Sacrilegious confessions leads to Hell

In another part of the same work, St. Alphonsus gives us some very horrifying examples of the death and damnation of those people who hide or omit their sins from the priest and God in the sacrament of confession.

St. Alphonsus, Of Persons Who Have Made Sacrilegious Confessions: “I. IN the chronicles of St. Benedict it is related that a solitary named Pelagius, who kept sheep for his poor parents, led a life so exemplary that all called him a saint. He lived in this manner many years. After the death of his parents he sold the little property that they had left him and retired into a hermitage. He, unfortunately, consented once to an unchaste thought. After this sin he fell into a state of great melancholy because he would not confess it, lest he should lose the good opinion of his confessor. While he was in this state of melancholy a pilgrim who passed by said to him: "Pelagius, confess your sin: God will pardon you, and your peace shall be restored." The pilgrim then disappeared. After this Pelagius resolved to do penance for his sin, but not to confess it, flattering himself that God would perhaps pardon him without confession. He entered into a monastery, in which he was immediately received on account of his reputation for sanctity, and there led an austere life, crucifying himself with fasts and penances. At last the hour of death came: he made his last confession; as he had always through shame concealed the sin during life, so he also concealed it at death; he received the viaticum, died, and was buried, with the reputation of a saint. On the following night the sacristan found the body of Pelagius out of its grave. He buried it again; but on the second and third nights he found the body out of the grave. He called the abbot, who, in the presence of the other monks, said: "Pelagius, you were always obedient during life; be obedient now also in death. Tell me, on the part of God, if it be the divine will that your body be kept in a particular place?" The deceased, howling, said: "Alas! I am damned for having concealed one sin in confession. O Abbot, look at my body!" And behold! his body appeared like red-hot iron sending forth sparks of fire. All fled away; but Pelagius called back the abbot, that he might remove the consecrated particle that still remained in his mouth. The abbot removed the sacred host. Pelagius then told them to take his body out of the church and to throw it on a dunghill like a dog. It was done as he desired.

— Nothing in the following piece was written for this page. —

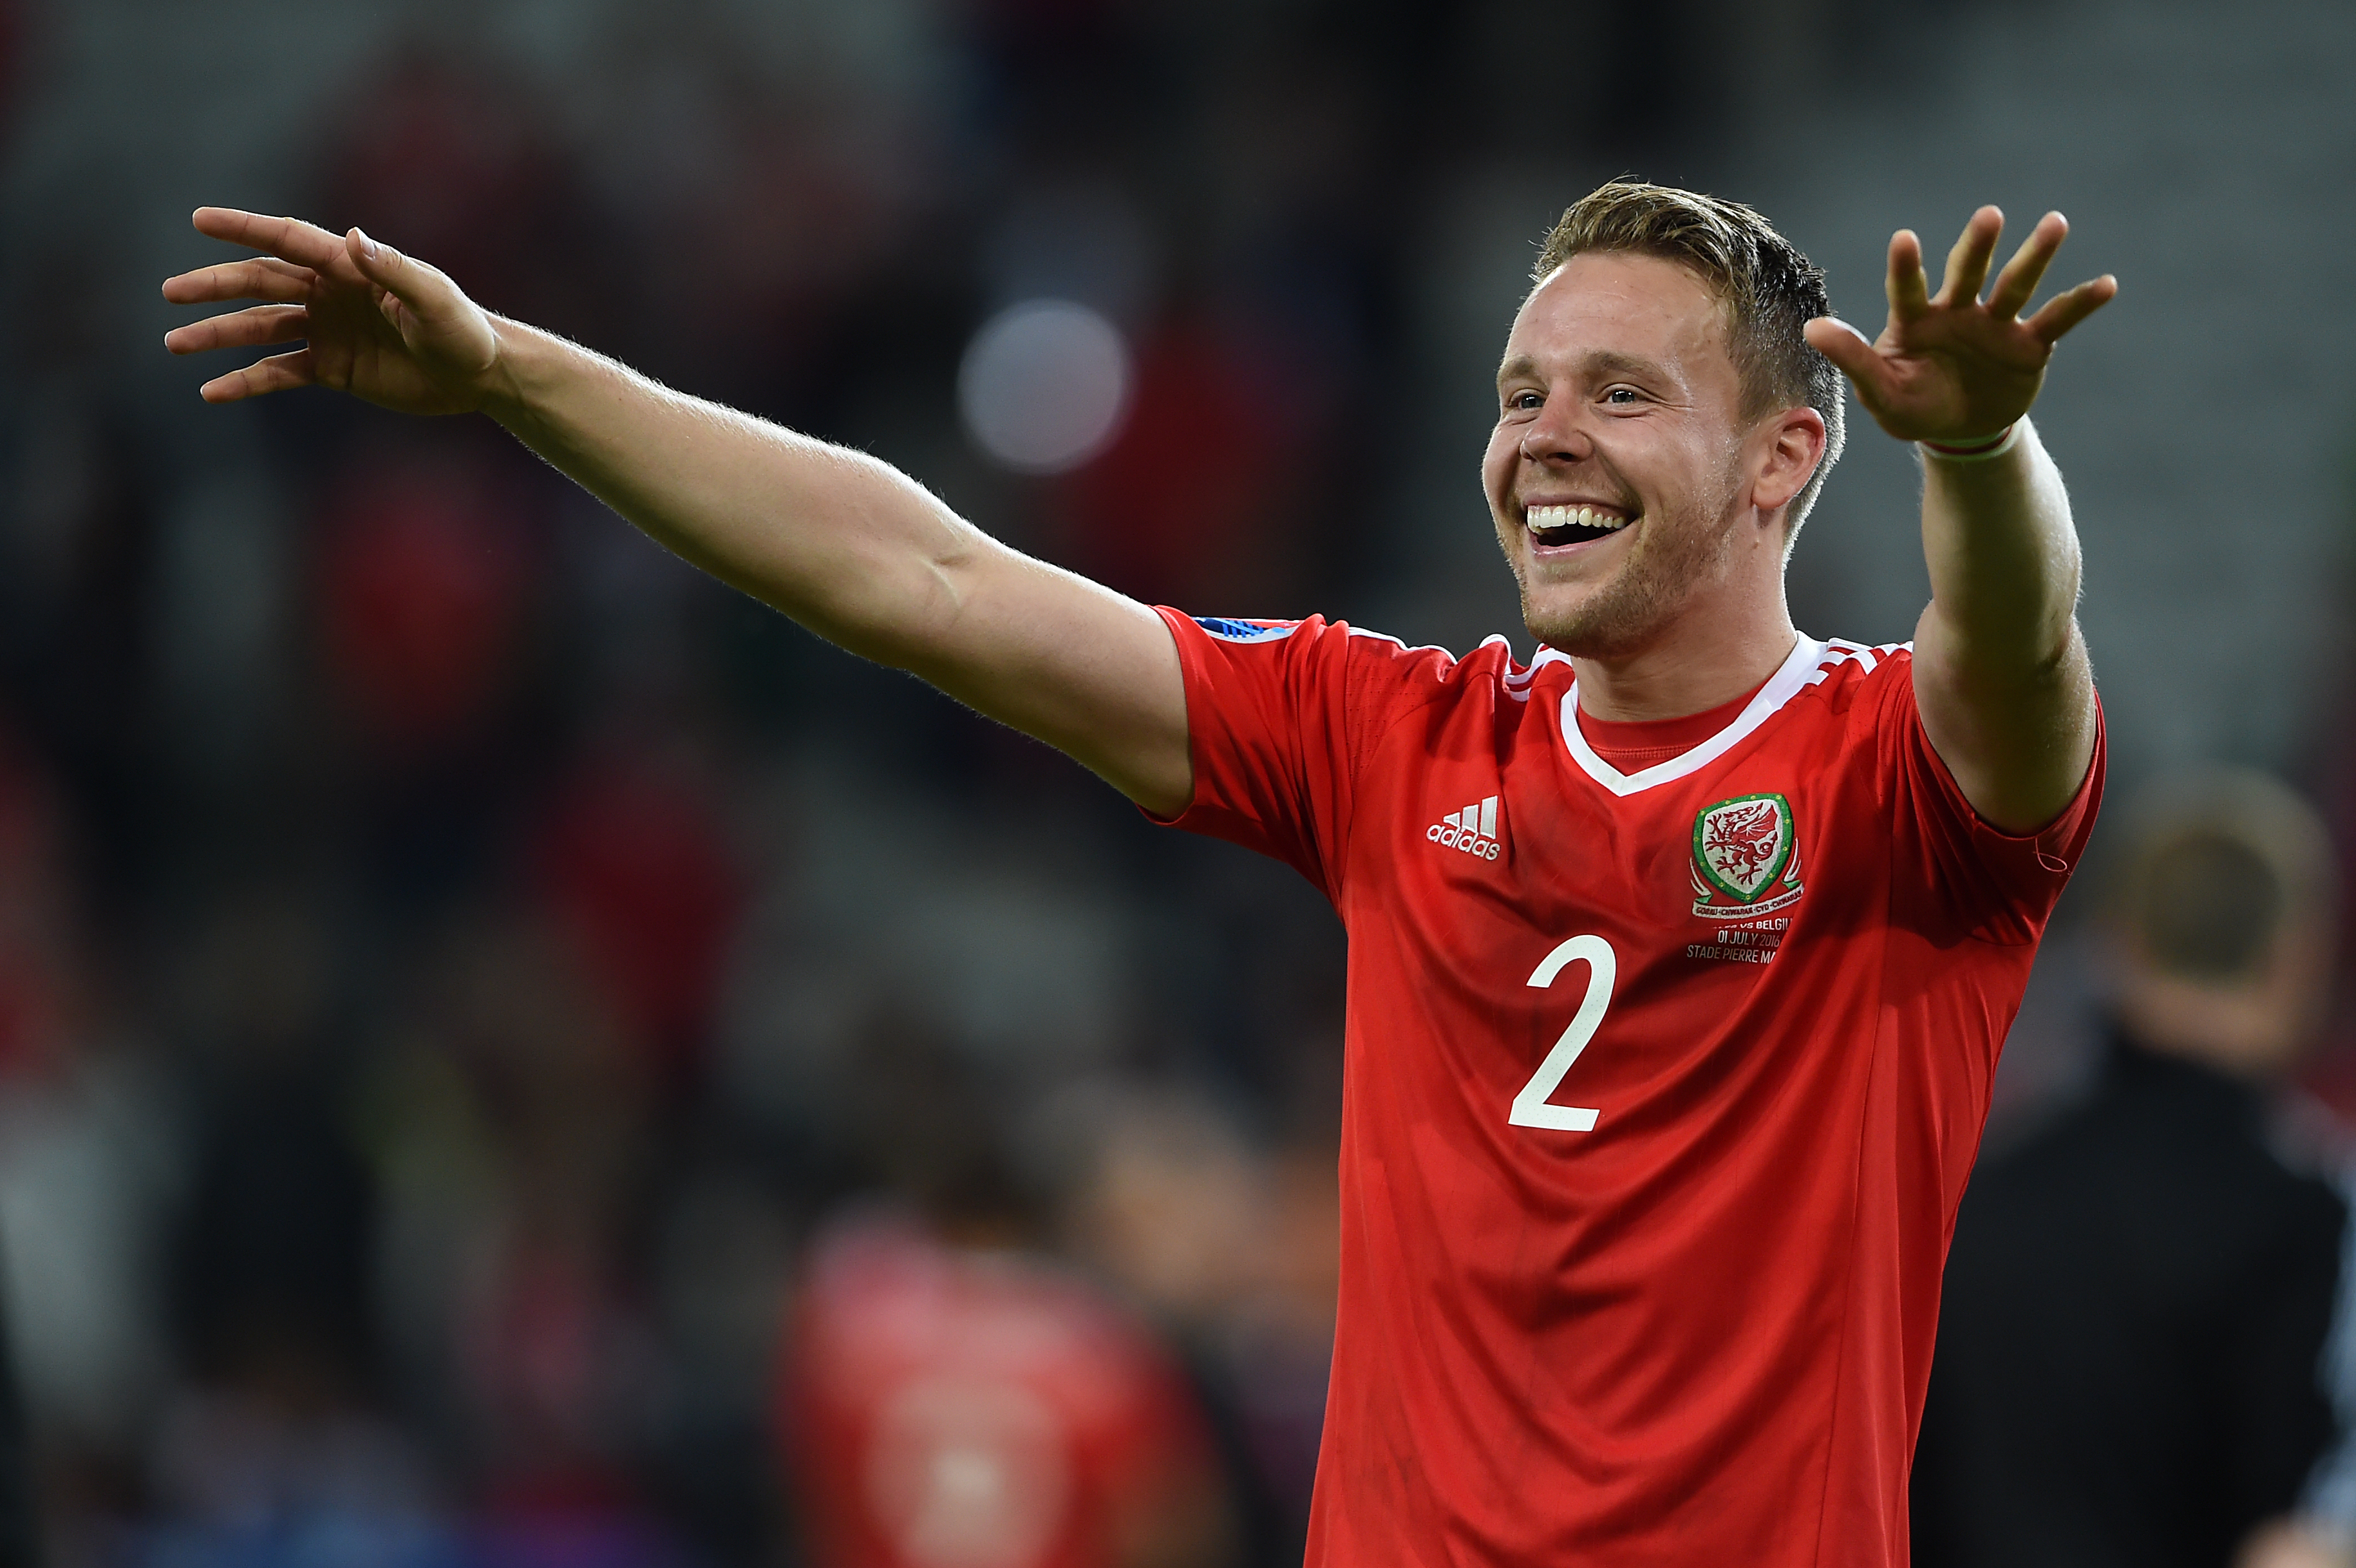 Proud' Chris Gunter did not expect to win 100 caps for Wales | FourFourTwo

“II. In the annals of the Capuchins we read of one who was esteemed a saint, but made bad confessions. Being seized with a grievous illness, he was told to go to confession. He sent for a certain Father, to whom he said, "My Father, you tell me to go to confession; but I will not make any confession." "And why?" said the Father. "Because," replied the sick man, "I am damned; for I have never confessed all my sins; and now God deprives me of the power of making a good confession." After this he began to howl, and to tear his tongue, saying, "Accursed tongue, that would not confess sins when you were able." And thus, gnawing his tongue to pieces, and howling, he breathed forth his soul into the hands of the devil. After death he became black as a cinder, a terrible noise was heard, and the room filled with an intolerable stench.

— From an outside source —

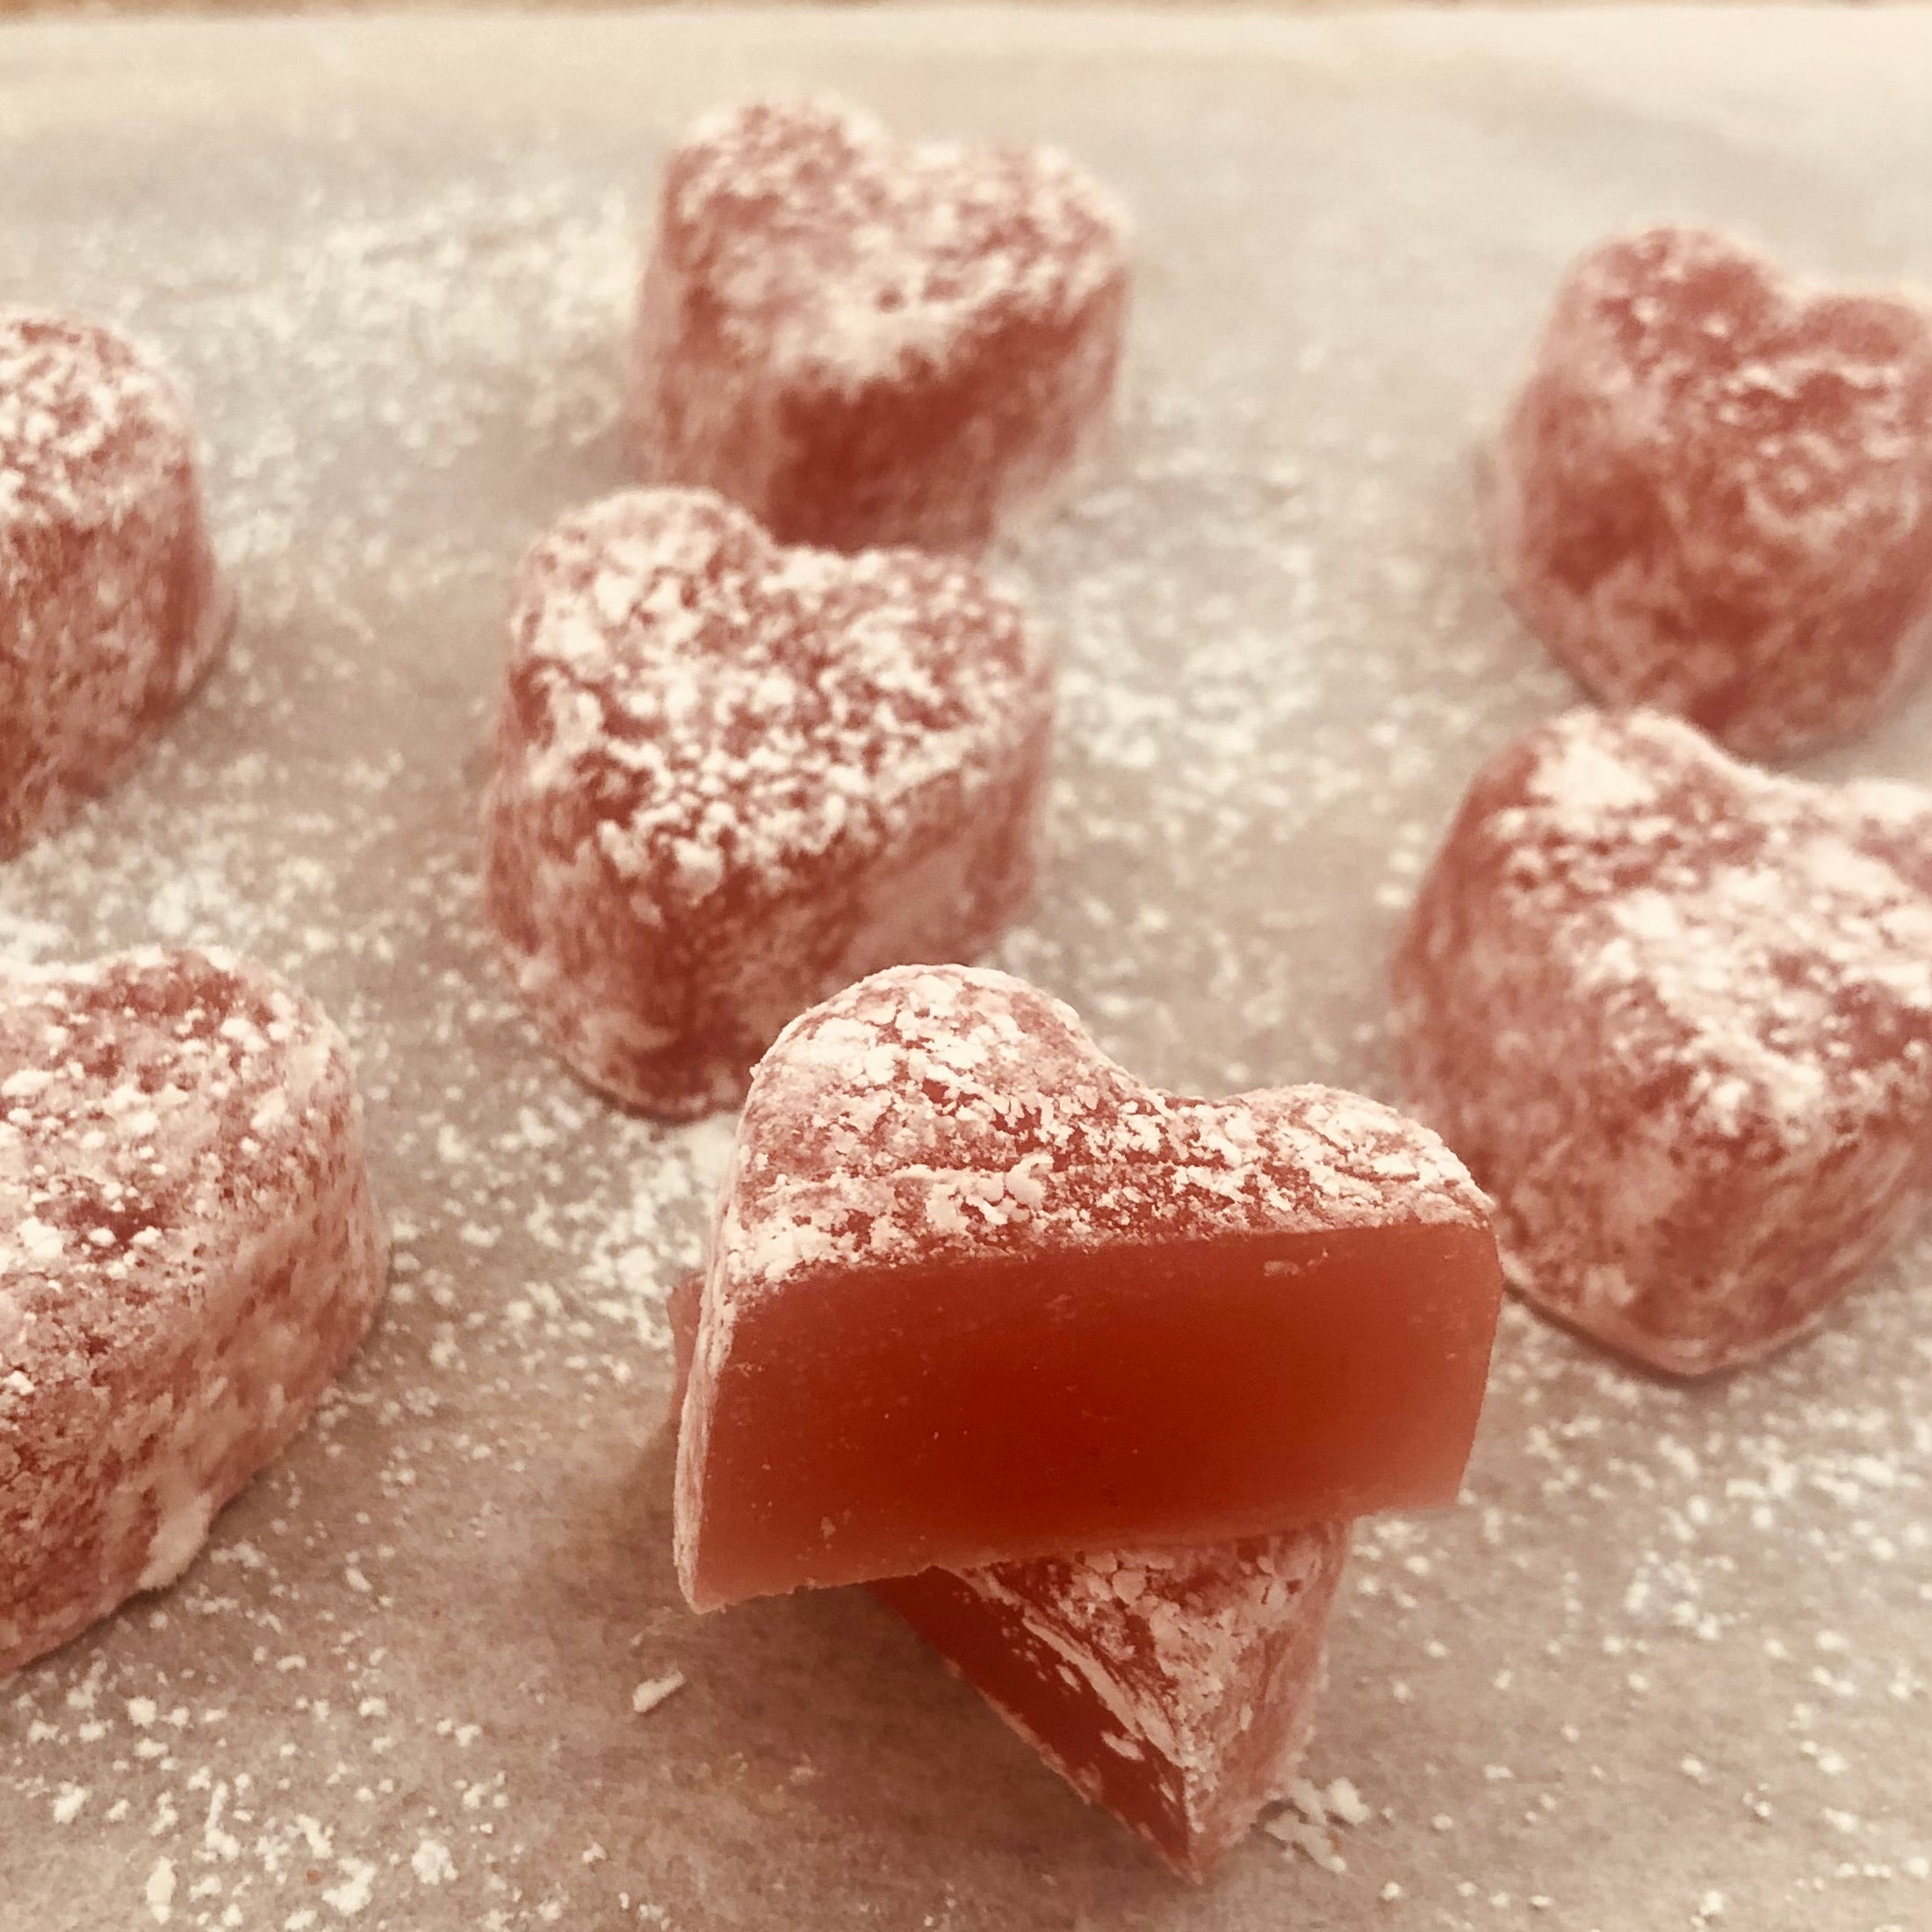 Rose Turkish Delight with Dusting Bag 275g

“III. Father Seraphine Razzi relates that in a city in Italy there was a married lady of noble rank who was reputed a saint. On her deathbed she received all the sacraments, and died with a high reputation for sanctity. After death her daughter, who always recommended to God the soul of her mother, heard one day, while she was at prayer, a great noise at the door. She turned round, and saw a horrible figure all on fire, and exhaling a great stench. At this sight she was so much terrified, that she was on the point of throwing herself out of the window; but she heard a voice saying: "Stop, stop, my daughter: I am your unhappy mother, who was considered a saint; but for some sins committed with your father, which I was ashamed ever to confess, God has condemned me to hell. Do not pray to God for me any more; for you only increase my pains." She then began to howl, and disappeared.

“IV. The celebrated Doctor John Ragusino relates that a certain very spiritual woman practised meditation and frequented the sacraments, so that she was considered by her Bishop to be a saint. The unhappy woman looked one day at a servant, and consented to an unchaste thought; but because the sin was only one of thought, she flattered herself that she was not bound to confess it. However, she was always tortured with remorse of conscience, and particularly in her last illness. But even at death she concealed the sin through shame, and died without confessing it. The bishop who was her confessor, and believed her to be a saint, caused her body to be carried in procession through the whole city, and through devotion got her buried in his own chapel. But on the following morning on entering the chapel he saw a body above the grave, laid on a great fire. He commanded it in the name of God to tell what it was. A voice answered that it was his penitent, and that she was damned for a bad thought. She then began to howl and to curse her shame, which had been the cause of her eternal ruin.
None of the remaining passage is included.